In this post, we will take a look at how we can use Google Cloud Vision from a Spring Boot application. With Google Cloud Vision it is possible to derive all kinds of things from images, like labels, face and text recognition, etc. As a bonus, some examples with Python are provided too.

1. Introduction

A good point to start experimenting with Cloud Vision is the Cloud Vision API Documentation. The documentation is comprehensive and the examples actually do work 😉 . In the next paragraphs, we will explore some of the image processing capabilities. We will do the following:

  • Retrieve labels of an image;
  • Detect text in an image;
  • Recognize a landmark;
  • Detect faces in an image.

You can use the provided client libraries which work just fine, but if you are already using Spring Boot, you can also use the provided starter which makes it even easier to use the API. We will use the Spring starter and at the end we have created the same examples with Python making use of the client as provided by Google.

A good reference for samples is the Spring Cloud GCP Vision API Sample.

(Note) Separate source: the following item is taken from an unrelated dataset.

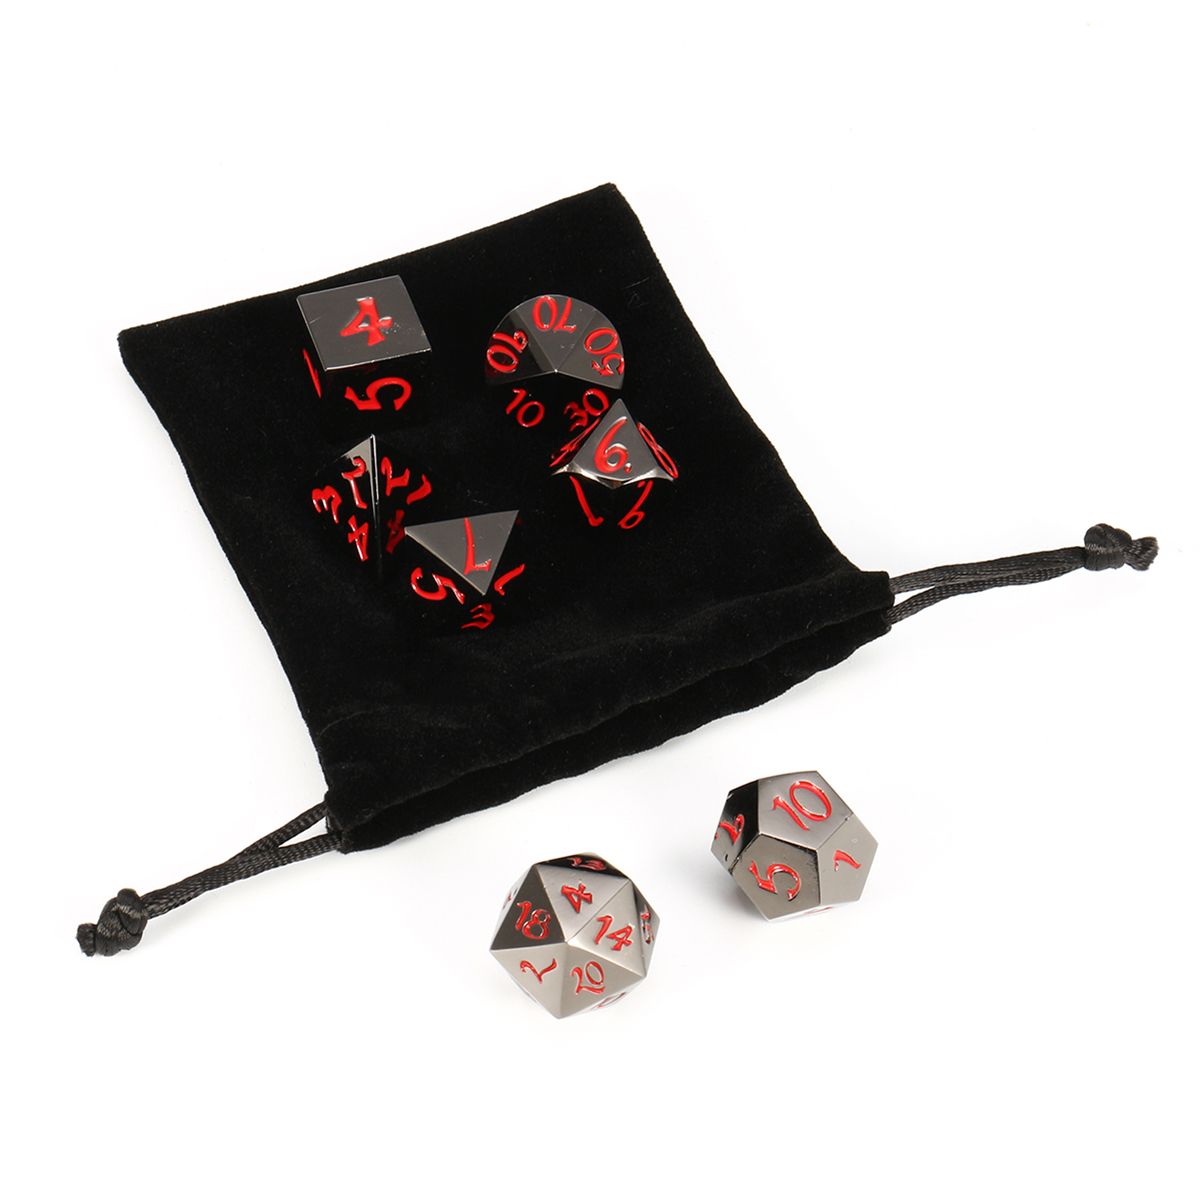 7Pcs-Antique-Metal-Polyhedral-Dices-Multisided-Dices-Set-Role-Playing-Game-Dice-With-Bag-1287356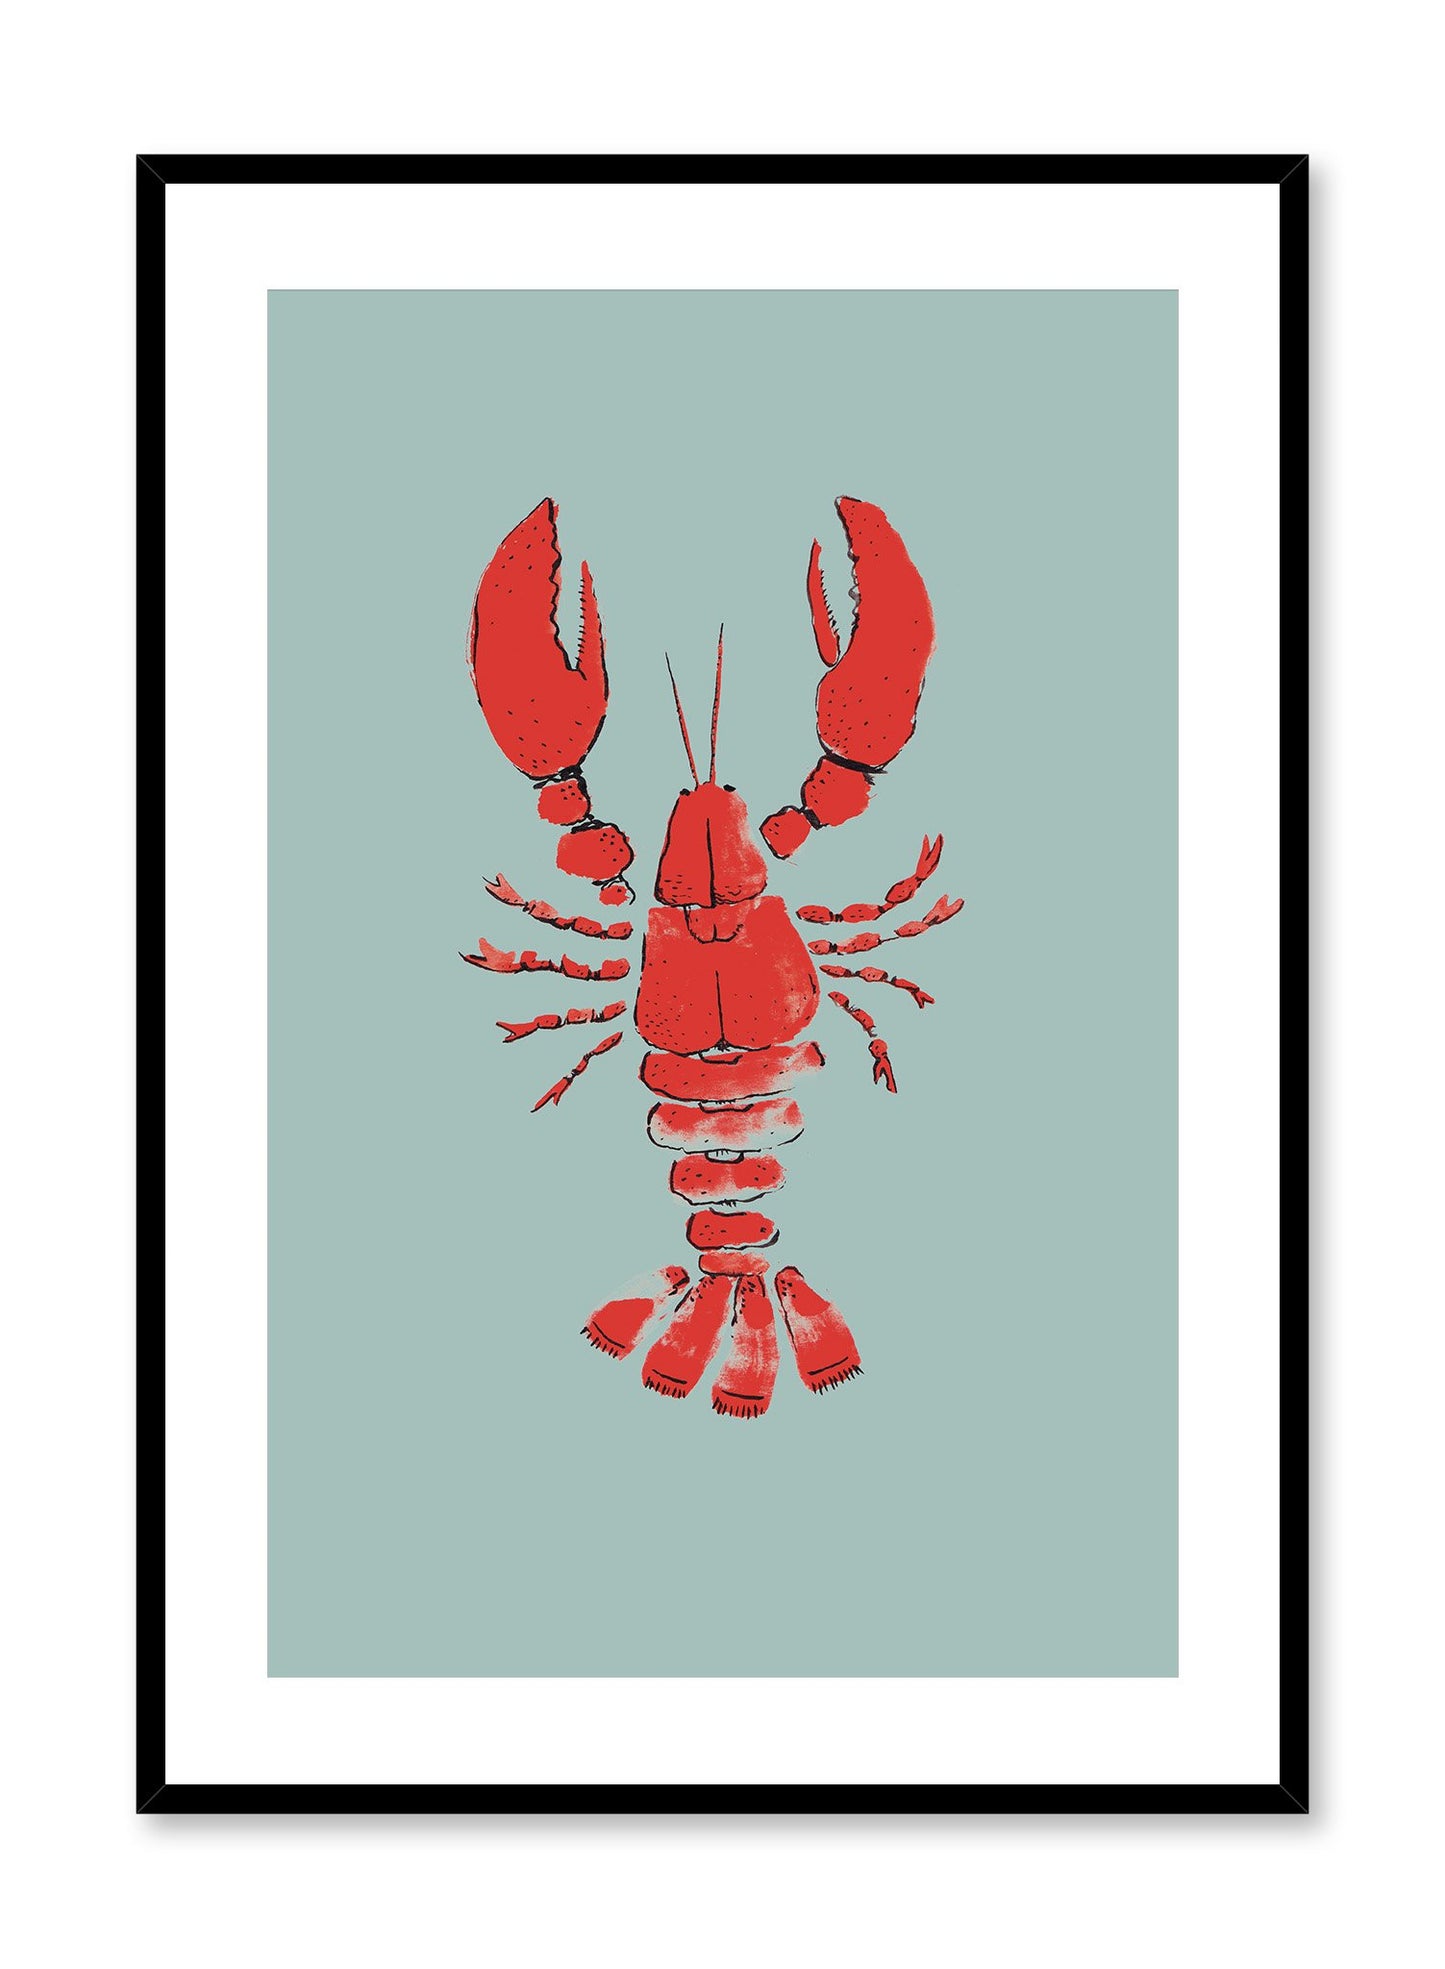 Hello Lobster is a minimalist illustration of a red lobster laid down to show all its creases by Opposite Wall.

The Java source code and the Python source code used in this post, are available at GitHub.

2. Create the GCP project

Before getting started, we need to set up some things in the Google Cloud Platform (GCP). If you don’t have an account already, you can create one for free. You will not be charged if you are only experimenting.

Create a new project in GCP.

Cloud Vision - new project

In the menu, navigate to ‘APIs & Services – Dashboard’ and click the ‘Enable APIs and Services’ button.

Cloud Vision - Enable APIs and Services button

Search for vision in the search bar and click the ‘Cloud Vision API’.

Cloud Vision - Cloud Vision API search result

Click the ‘ Enable’ button in order to enable the API.

Cloud Vision - Enable API

We are going to run the applications from our development machine. Therefore, we need to set up a service account. See a previous post in paragraph 3.4 how to do this.

3. Spring Boot and Cloud Vision

As always, our starting point is the Spring Initializr. We select JDK11 and Spring Web MVC. We will create some endpoints in order to start the experiments we are trying to do.

In the pom, we need to add the spring-cloud-gcp-starter-vision dependency and we also add the Spring Cloud GCP BOM.



Next, we add a VisionController where we inject the CloudVisionTemplate which we will use to access the Cloud Vision API. The VisionController will be extended with various endpoints for our experiments.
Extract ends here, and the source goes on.